Firstly, I am completely new to scala and spark Although bit famailiar with pyspark. I am working with external json file which is pretty huge and I am not allowed to conver
Option 1: RDD API + json4s lib
One way is using the json4s library. The library is already used internally by Spark.
import org.json4s._
import org.json4s.jackson.JsonMethods._
// {"name":"ABC1", "roll_no":"12", "Major":"CS1"}
// {"name":"ABC2", "roll_no":"13", "Major":"CS2"}
// {"name":"ABC3", "roll_no":"14", "Major":"CS3"}
val file_location = "information.json"
val rdd = sc.textFile(file_location)
rdd.map{ row =>
val json_row = parse(row)
(compact(json_row \ "name"), compact(json_row \ "roll_no"))
}.collect().foreach{println _}
// Output
// ("ABC1","12")
// ("ABC2","13")
// ("ABC3","14")
First we parse the row data into json_row then we access the properties of the row with the operator \
i.e: json_row \ "name"
. The final result is a sequence of tuples of name,roll_no
Option 2: dataframe API + get_json_object()

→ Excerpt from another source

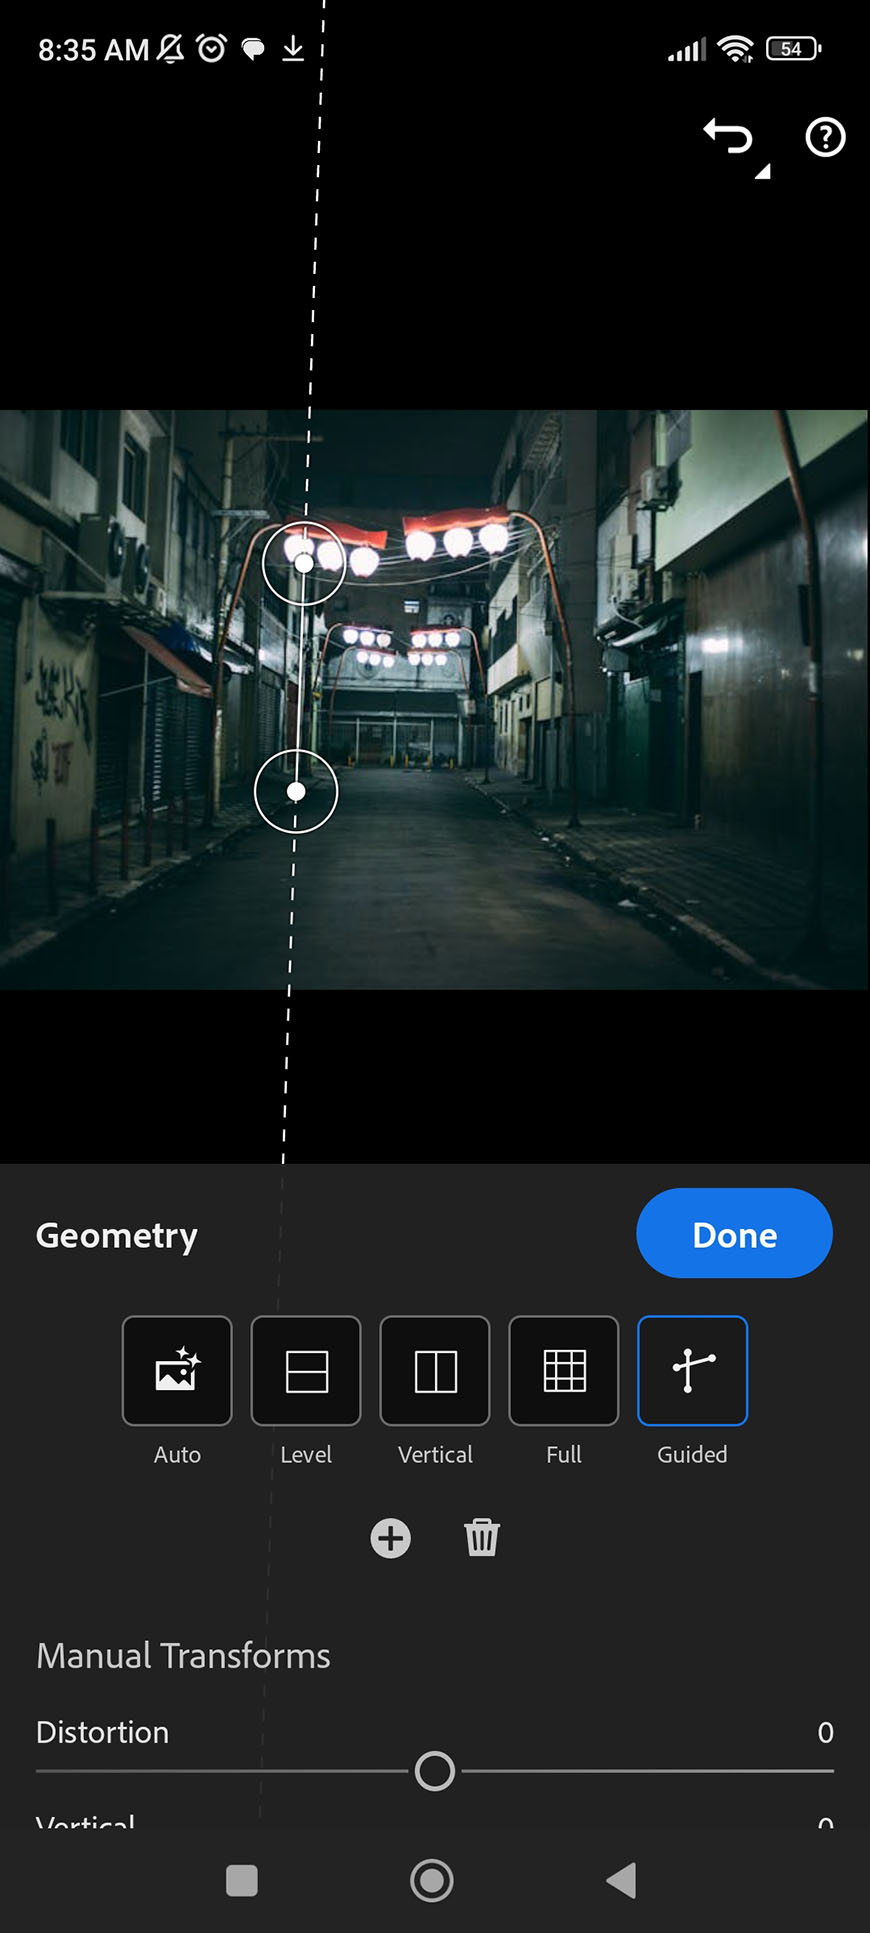 A screenshot of a smartphone editing interface adjusting the geometry of a nighttime photo of an alleyway.
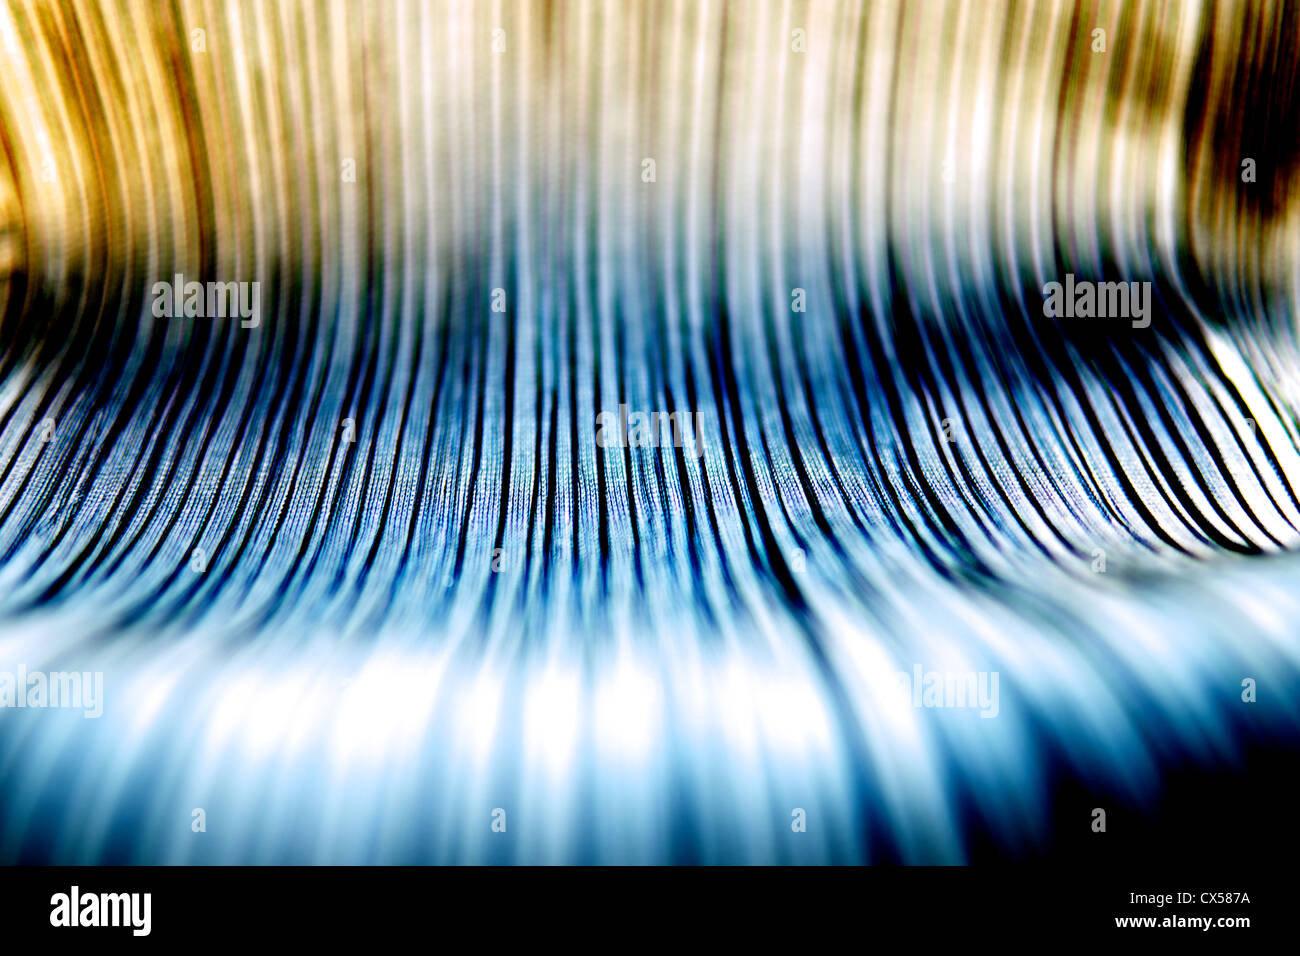 Abstract select focus image of a pleated fabric. Gold and blue hues. Stock Photo

And a more straight forward approach would be via the dataframe API in combination with the get_json_object()
function.
import org.apache.spark.sql.functions.get_json_object
val df = spark.read.text(file_location)
df.select(
get_json_object($"value","$.name").as("name"),
get_json_object($"value","$.roll_no").as("roll_no"))
.collect()
.foreach{println _}
// [ABC1,12]
// [ABC2,13]
// [ABC3,14]
i used to parse json in scala with this kind of method :
/** ---------------------------------------
* Example of method to parse simple json
{
"fields": [
{
"field1": "value",
"field2": "value",
"field3": "value"
}
]
}*/
import scala.io.Source
import scala.util.parsing.json._
case class outputData(field1 : String, field2: String, field3 : String)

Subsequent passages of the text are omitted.